Optimizing Route Planning in Diverse Landscapes: Integrating SLAM and RRT in Autonomous Drone Deployment.
Citation
Share
Date
Abstract
This thesis focuses on the implementation of improved route planning and terrain mapping in different types of structured landscapes by using advanced Simultaneous Localization and Mapping (SLAM) methods and Rapidly-exploring Random Tree (RRT*) algorithm in autonomous drone deployment, focusing on software development and simulation to improve tracking capabilities. This thesis is based on a single project that is a collaborative work of postgraduate students. The project aims to develop a drone-based telecommunications network that serves as a basis for exploration and monitoring in studied or designated areas. This research is based on the establishment of a system that integrates SLAM, which provides a quick and accurate map of complex environments. This is important for the correct drones' work and the best results. Meanwhile, the inclusion of an RRT algorithm enables us to raise the system's efficiency and accuracy in planning routes for drones as they navigate intricate urban and non-urban spaces. The project is exclusively based on software simulation, using tools like AirSim and Unreal Engine, which allow the creation of an environment to test how well different drones work, from a single area to specific coordinates, ignoring external conditions like weather and drone battery life.
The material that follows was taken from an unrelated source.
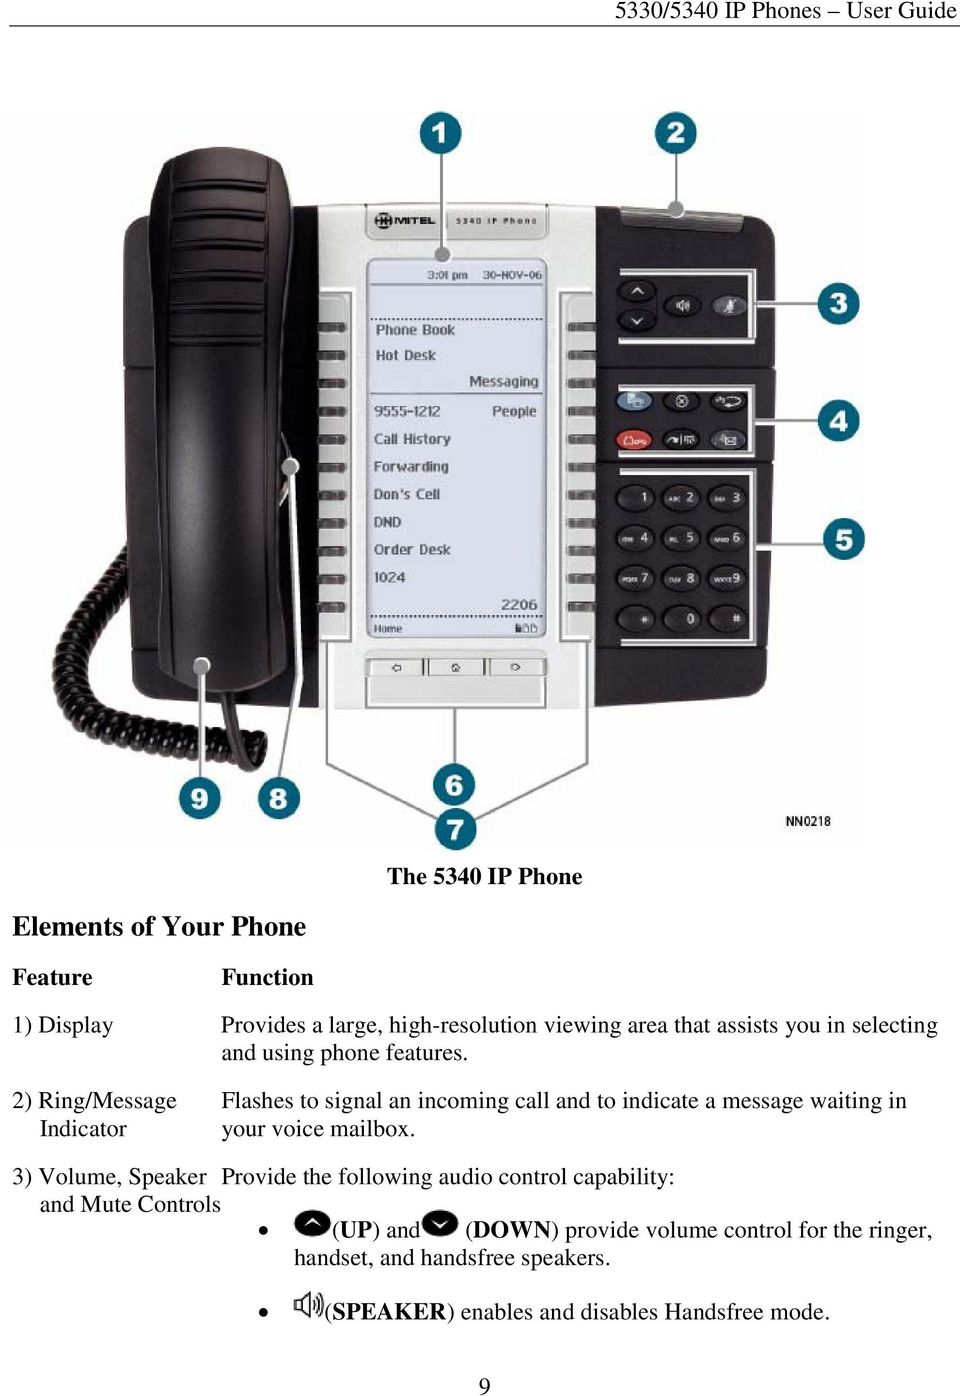 2) Ring/Message Indicator Flashes to signal an incoming call and to indicate a message waiting in your voice mailbox.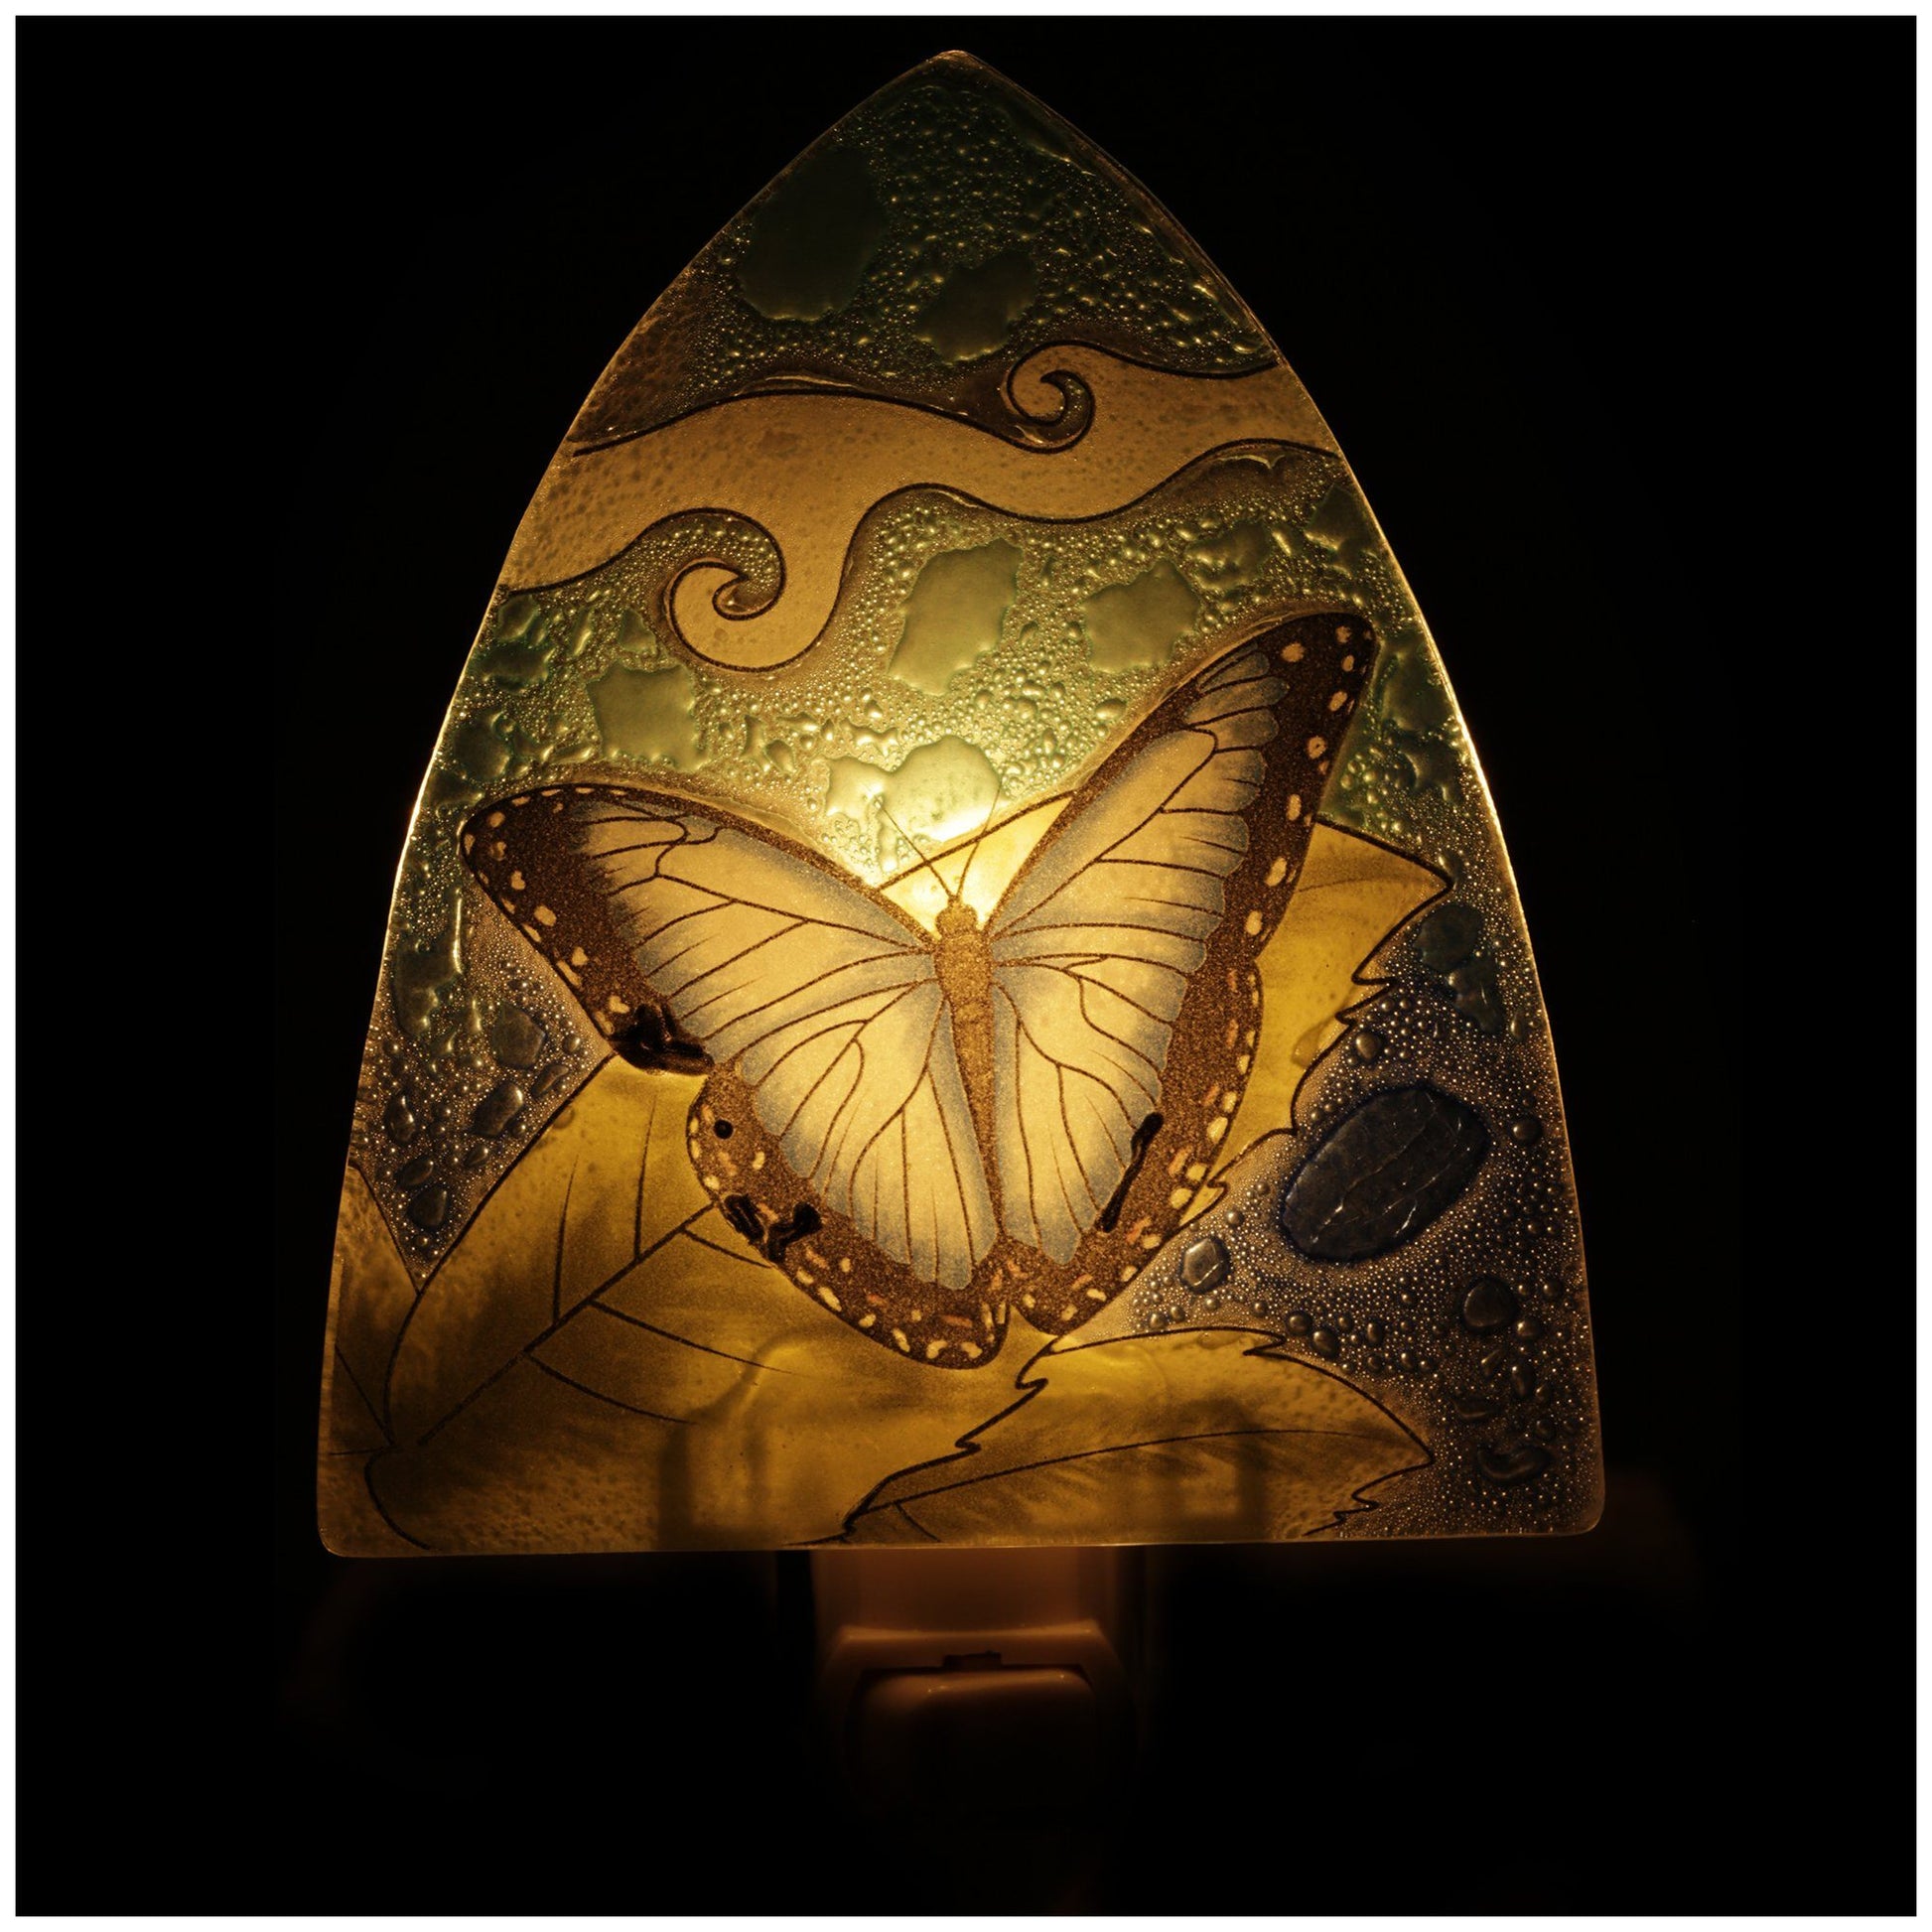 Blue Butterfly Recycled Glass Night Light

The use of these mapping techniques and this trajectory planning algorithm enables safe navigation and an understanding of the environment that allows drones to function properly to perform their tasks. The results obtained, and the methods applied in the thesis, hope to introduce efficiency and productivity in the planning of drone deployments in all structured environments. This path would open the way to new applications in areas beyond urban infrastructure.